Track Mean Time to Remediate (MTTR) for high-severity findings as a security KPI.

Detection-as-Code

Treat detections like application code:

Detection rules in Git, code-reviewed, with tests.
Sigma rules / KQL / SPL queries / YARA-L versioned.
CI runs synthetic events against the rules to confirm they fire.
Tuning is a PR, not an undocumented click.

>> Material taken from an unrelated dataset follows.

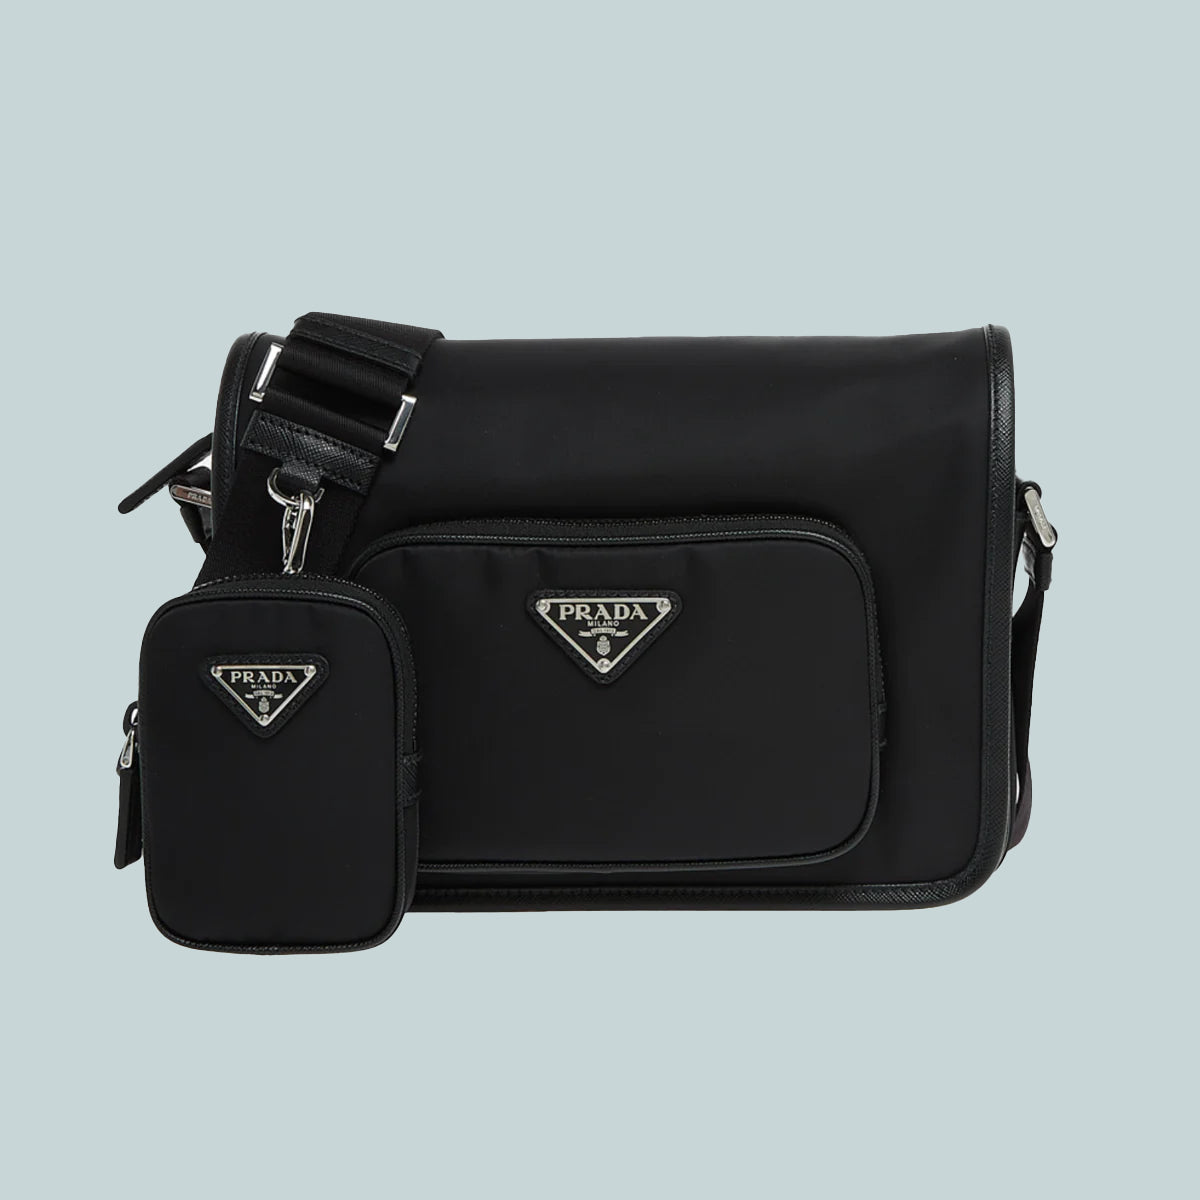 Re-Nylon and Leather Shoulder Bag

Tools like Panther, Snowflake security data lake, Sigma converters make this practical.

Honeytokens and Canaries

Plant a fake AWS access key in a place an attacker would look (a config file, a dummy repo). Set up an alert that fires the moment anyone tries to use it. Real-world signal-to-noise ratio is exceptional. Vendors: Thinkst Canary, Canarytokens.

Building the Pipeline

[ Cloud audit + flow + data logs ]
        │
        ▼
[ Org-level central account / SIEM ]
        │
        ├──→ [ Managed detection: GuardDuty, Defender, SCC ]
        ├──→ [ CSPM: AWS Config, Wiz, Prisma ]
        ├──→ [ Custom rules in SIEM ]
        │
        ▼
[ Alert pipeline: severity routing ]
        │
        ├── P1 → on-call SOC, automated containment (disable creds, isolate instance)
        ├── P2 → ticket + business-hour triage
        └── P3 → metrics / dashboards

What "Good" Looks Like

Every account has CloudTrail / Activity Log / Audit Logs flowing to a central, write-only location.
The central log store has retention >1 year for security forensic needs.
Managed detection (GuardDuty / Defender / SCC) is on org-wide.
A handful of high-fidelity custom detections cover the top org-specific risks.
Findings page on-call within minutes for criticals; everything else is tracked with SLA.
Practice runs (purple team, tabletop) keep the pipeline exercised.

Anti-Patterns

Logs only in the same account as the workload — an attacker with the workload can delete them.
30-day retention for security logs — many real-world breaches surface months after the initial intrusion.
Alert thresholds set so high nothing fires; or so low everything fires and is ignored.
Findings landing in a dashboard with no owner.
SIEM with no automation — humans triage every benign finding manually.

Detection earns its keep only when it shortens incidents. The next lesson takes the alert from fired to contained.